Brass assisted Rossellini once again, this time on a film that Rossellini came to loathe. Inspired by a true story, this film concerns a cowardly Italian con man who is imprisoned by the Nazis and instructed to assume the identity of General della Rovere, a partisan war hero. The film is quite powerful, and definitely worth seeing, but I don’t think too many people would want to watch it more than once. The pain it depicts will make you flinch. The entire film is understated and underplayed, except for one scene during an air raid, when the camerawork goes wild. I would hazard a guess that Brass directed (or helped direct) that bombastic bit. If not, he certainly borrowed some of its effects for his own films later on.

The American subtitled prints sadly reset all the opening credits in English, and maliciously deleted the name of Giovanni Brass! Phooey on them.

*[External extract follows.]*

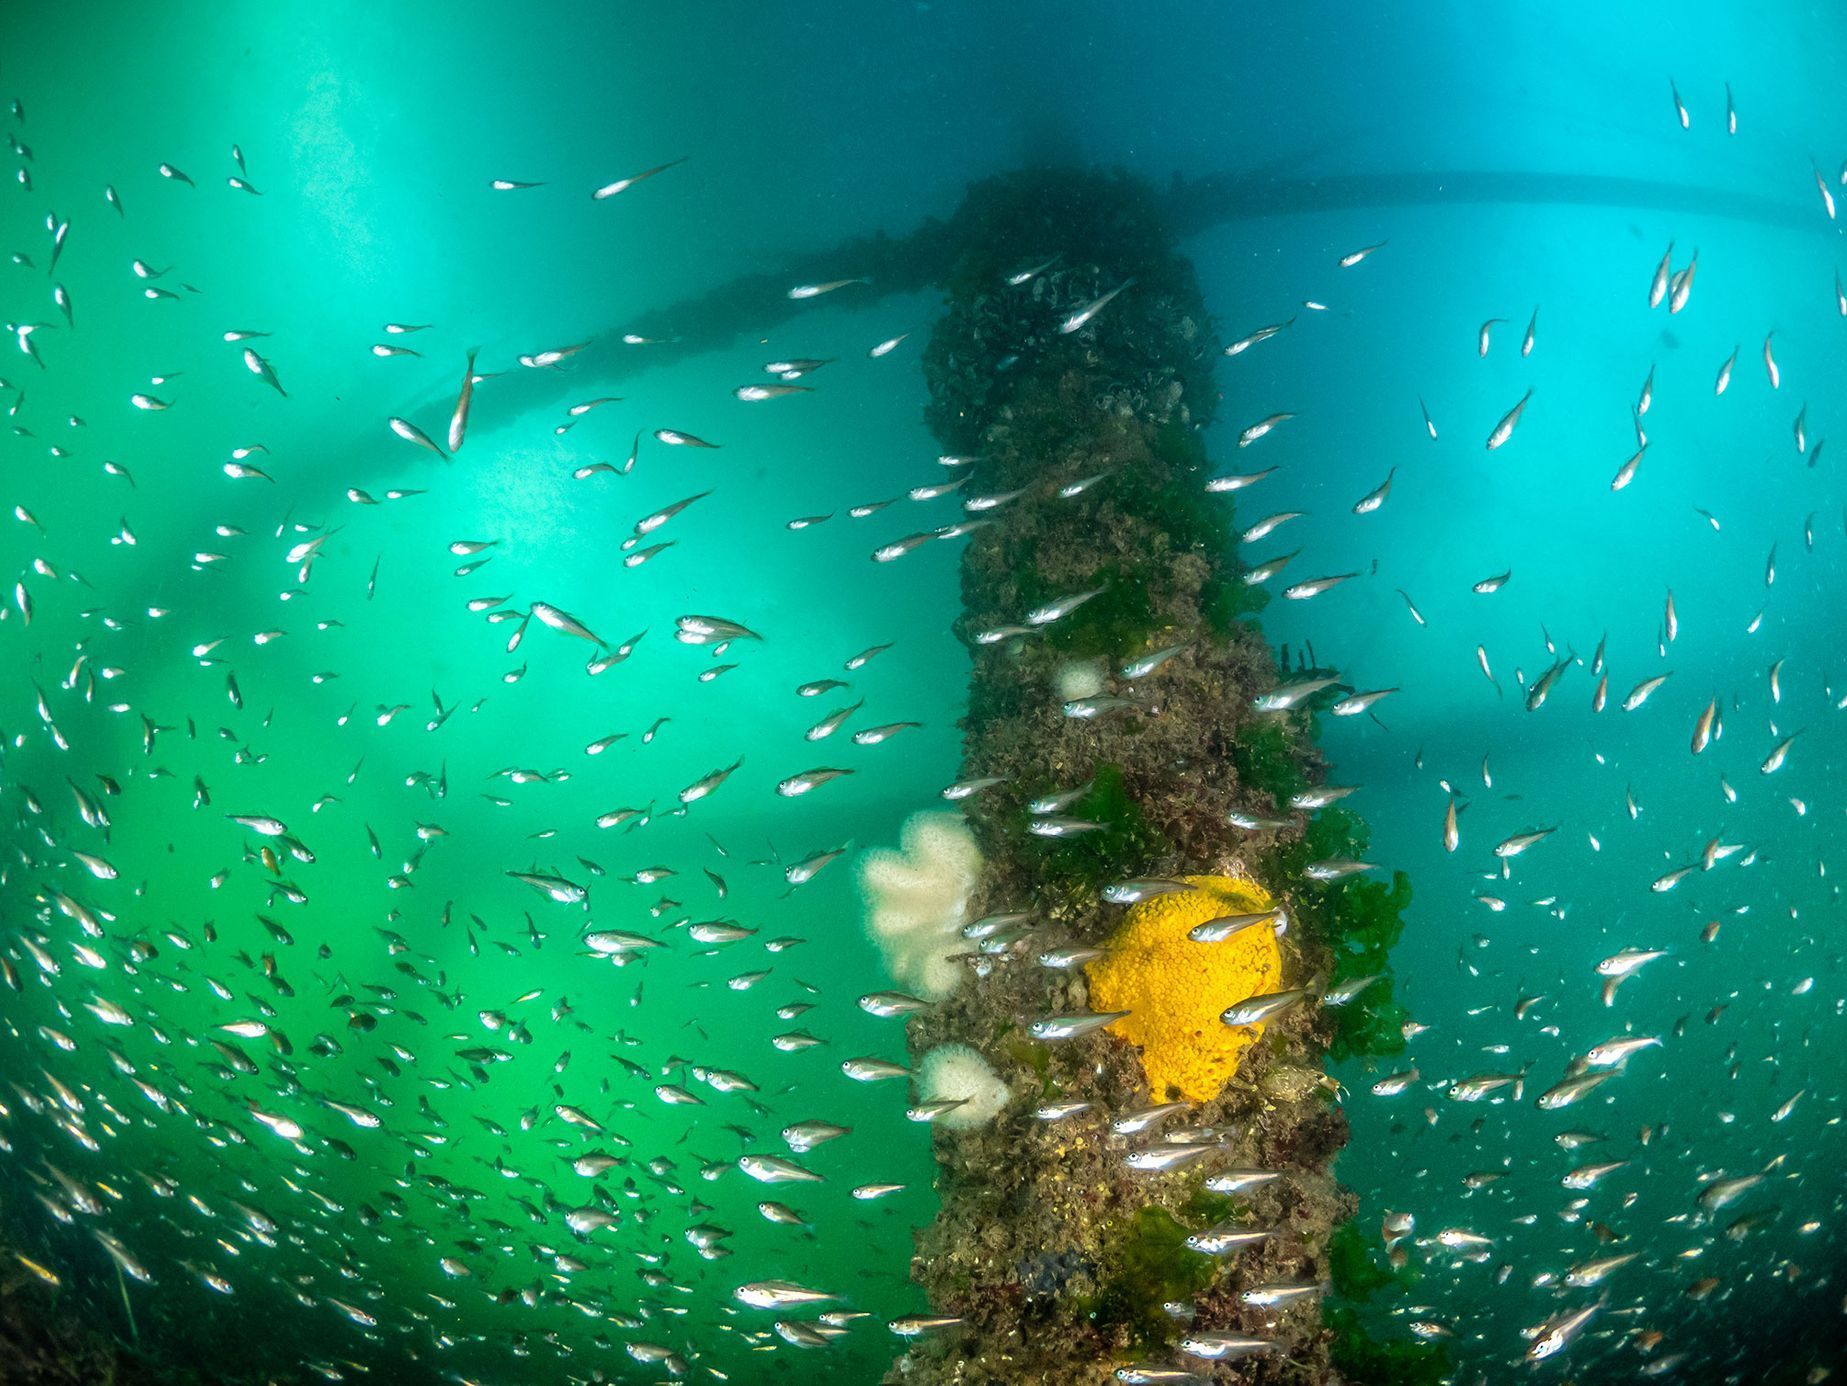 Underwater Photographer of the Year 2020 - vítězné fotografie

HERE’S SOME PUBLICITY THAT HASN’T SEEN THE LIGHT OF DAY SINCE 1960 (like so much writing about movies, it’s laughable, but it’s still interesting):

“THE RETURN OF ROSSELLINI”

Roberto Rossellini, who not long ago was artistically, commercially and in the hearts of his countrymen (and elsewhere) as solid as an overdone strand of linguini, is shooting back into the film firmament like a Roman candle.

After he made “Stromboli” and a few other bombolis, and after l’affaire Bergman, the press and the public weren’t even saying “arrivederci”; they were giving him the old gladiatorial thumbs-down. Now, his two latest pictures are award-winners and he has a rosy horizon full of prospects.

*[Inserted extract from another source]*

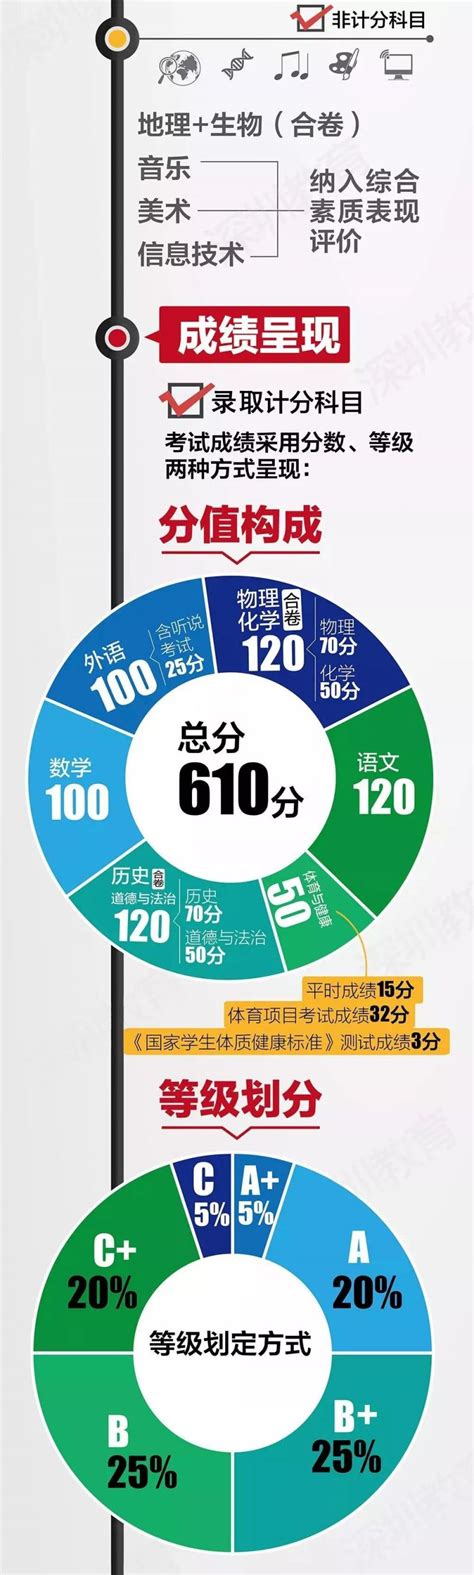 2021年深圳中考方案有大变化 总分增至610 - 深圳本地宝

Last Spring at the Venice Film Festival, Rossellini’s “General della Rovere”, which has its premiere here on .......... at the .......... Theatre, won first prize as the best picture of the year. The International Film Critics awarded the film their top prize, and it received five — that’s right, cinque — awards at the 1959 San Francisco film summit meeting — including one for the best direction.

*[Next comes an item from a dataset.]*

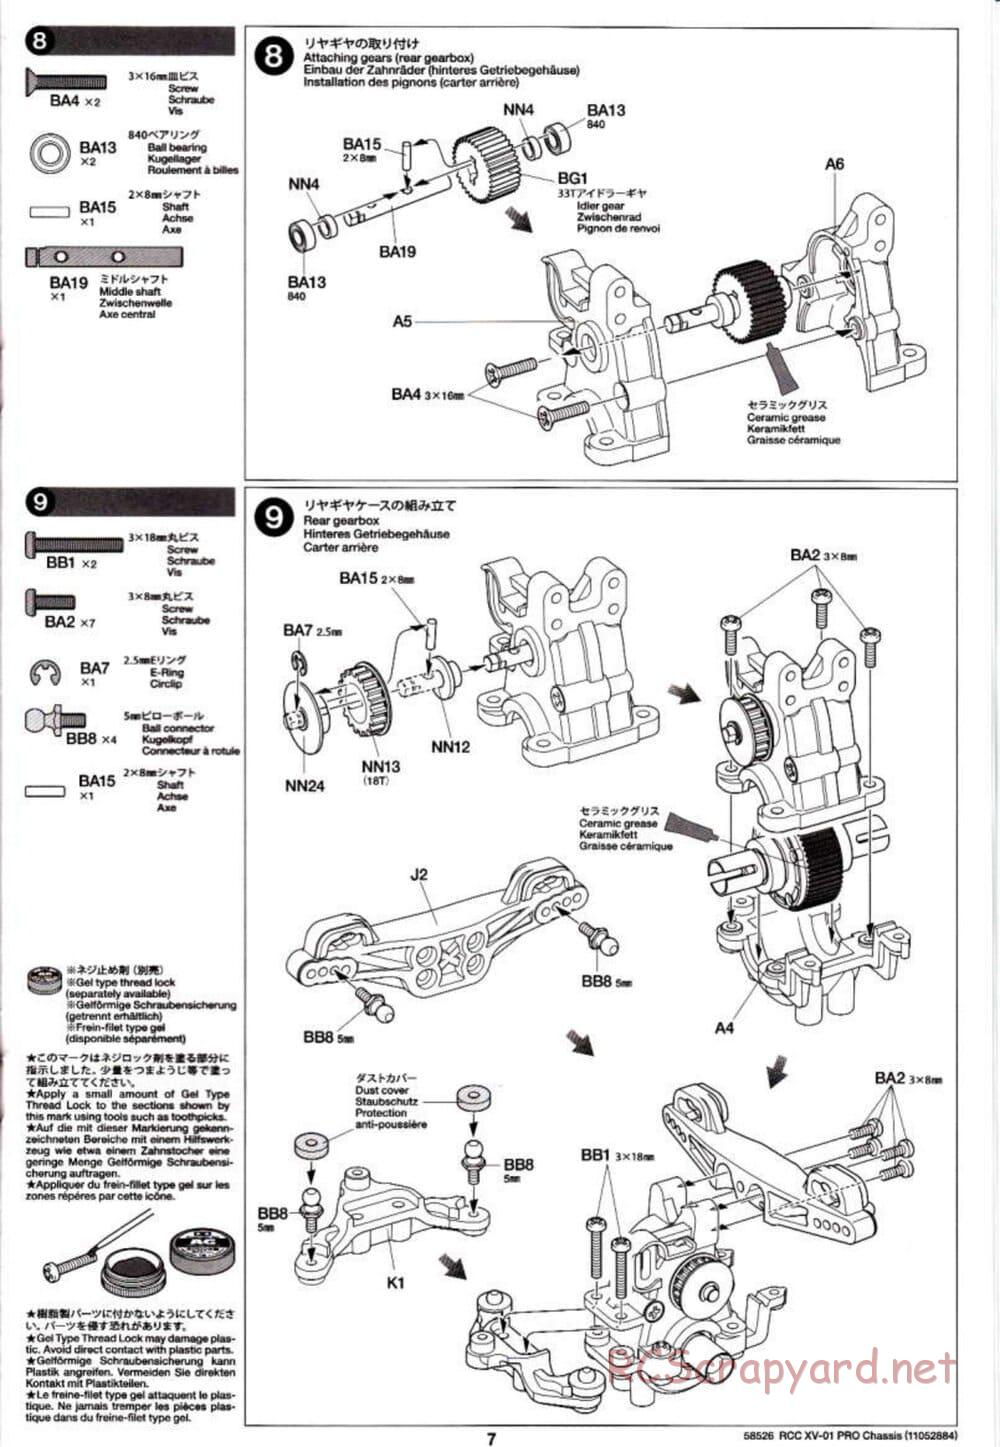 Tamiya - XV-01 PRO Chassis - Manual - Page 7

On November 1st, this year, Rossellini’s “Night Over Rome” won two prizes at the fourth annual International Film Festival in San Francisco.

This cascade of kudos, remindful of the days when Rossellini was being lionized for such movie milestones as “Open City” and “Paisan” — and before he became labeled as a sort of latter-day Casanova — bore out predictions by his intimates that the man who had brought about a postwar renaissance in the Italian film industry was ripe for a personal renaissance.

Some of these intimates blamed his temporary directorial slump on Miss Bergman. Federico Fellini, director of “La Strada,” who cut his camera-eye-teeth under Roberto’s tutelage, said: “He always began with a story line, never a personality. He tried to bring Miss Bergman into his world, but his world is sensual and contradictory. Hers was nice, clean, calm and comfortable.”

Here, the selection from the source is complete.